Briefly, given one or more query sequences and one or more reference sequences, a local alignment search uses pairwise sequence alignment to identify the most similar reference sequence for each query sequence. In our implementation, as in the BLAST implementation, we’ll allow a query sequence to match a subsequence of a reference sequence (this is useful, for example, if the query sequence represents a fragment of gene, and the reference sequences represent full-length genes). To achieve this, the underlying alignment algorithm that we’ll use is Smith-Waterman local pairwise alignment [6], which is presented in the Pairwise Sequence Alignment chapter of An Introduction to Applied Bioinformatics.

The output for a typical local alignment search is a table of the results. Depending on what the user requests, this can describe simply the best match in the database for each query (often defined as the reference sequence which obtains the highest scoring pairwise alignment with the query sequence), or a reverse sorted list of the matches, such that for each query sequence the n best matches are presented in order from best to worst. Depending on the implementation, some additional information may be provided about each alignment including the percent similarity between the aligned query and reference sequence, the length of the alignment, and the score of the alignment.

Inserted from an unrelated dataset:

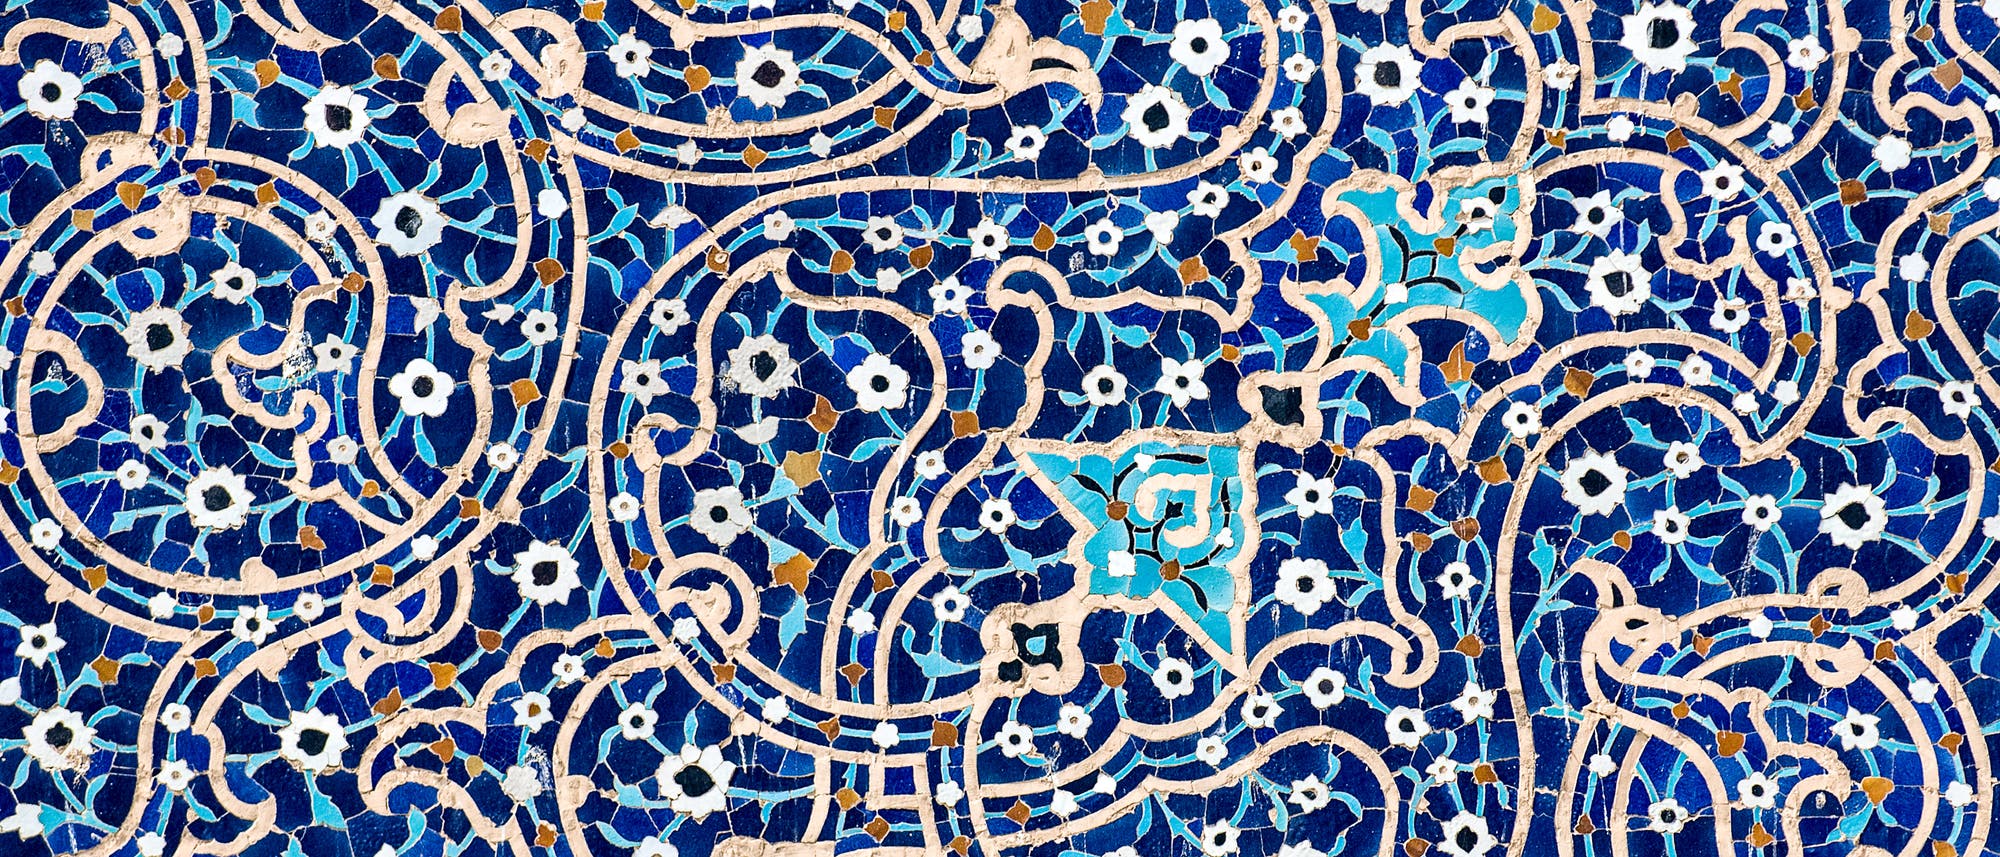 Fliesen in der Isfahan-Moschee

To add a local alignment search Pipeline to our plugin, we’re going to add one new Method and one new Visualizer. The method will be called local_alignment_search, and it will take one or more query sequences and one or more reference sequences as inputs, and it will accept several parameters used to control the behavior of the alignment algorithm and the result tabulation. As an output, it will generate a tabulation of the search results, grouped by query id and sorted in descending order of alignment score. This table will be an Artifact of a new class, LocalAlignmentSearchResults, such that these results could be used by another action (e.g., one that associates metadata with the query sequences, such as taxonomic origin or gene function, based on metadata associated with their best matching reference sequences). This means that we’ll also create a new format, some new transformers, and a new artifact class in support of the new functionality.

The new visualizer, tabulate_las_results (where las is an abbreviation of local alignment search) will take a LocalAlignmentSearchResults artifact as input and will produce a user-friendly view of it.

Finally, the new pipeline, search_and_summarize, will link local_alignment_search and tabulate_las_results together, returning both the LocalAlignmentSearchResults data artifact and the human-readable visualization.

Since you’ve already done all of this type of work before for other functionality in your plugin, we won’t go through this in detail. Use this as an opportunity to read and interpret QIIME 2 plugin code. Review the code added in caporaso-lab/q2-dwq2 and add it to your plugin.

Add parallel computing support to `search_and_summarize`#

QIIME 2’s formal support for parallel computing makes use of Parsl, and enables developers to create parallel Pipelines that can run on compute resources ranging from multi-core laptops to multi-node high performance computer clusters. Parallel Pipelines follow the split-apply-combine strategy. In the split stage, input data is divided into smaller data sets, generally of the same type as the input. Then, in the apply stage, the intended operation of the Pipeline is applied to each of the smaller data sets in parallel. Finally, in the combine stage, the results of each apply operation are integrated to yield the final result of the operation as a single data set, generally of the same type as the output of each apply operation.

In the context of search_and_summarize, this can work as follows (see the flow chart for a visual summary). In the split stage, the query sequences can be divided into roughly equal sized splits of sequences, such that each query sequence appears in only one split. In the apply stage, the reference sequences and each split of query sequences can be provided as the input in parallel calls to the local_alignment_search method. Each parallel call will result in a tabular output of search results for its split of the query sequences against the full set of reference sequences. This has the effect of reducing the number of query sequences that are searched against the reference in a given call to local_alignment_search. Finally, in the combine stage, each of the tabular outputs are joined, and the resulting table is sorted and filtered to the top n hits per query. This enables the slow step in this workflow - local_alignment_search - to be run in parallel on different processors.

Parsl takes care of all of the work of sending each apply job out to different processors and monitoring them to see when they’re all done. Our work on the plugin development side, after we’ve already defined the apply operation (local_alignment_search, in this example), is to define the actions that will perform the split and combine operations. These operations will be new QIIME 2 Methods.

split-apply-combine flowchart for search and summarize

        flowchart TD
  A["query: FeatureData[Sequence]"] ----> B{"split-sequences"}


  B -- split 0 --> C["FeatureData[Sequence]"]
  B -- split 1 --> D["FeatureData[Sequence]"]
  B -- split 2 --> E["FeatureData[Sequence]"]
  B -- split 3 --> F["FeatureData[Sequence]"]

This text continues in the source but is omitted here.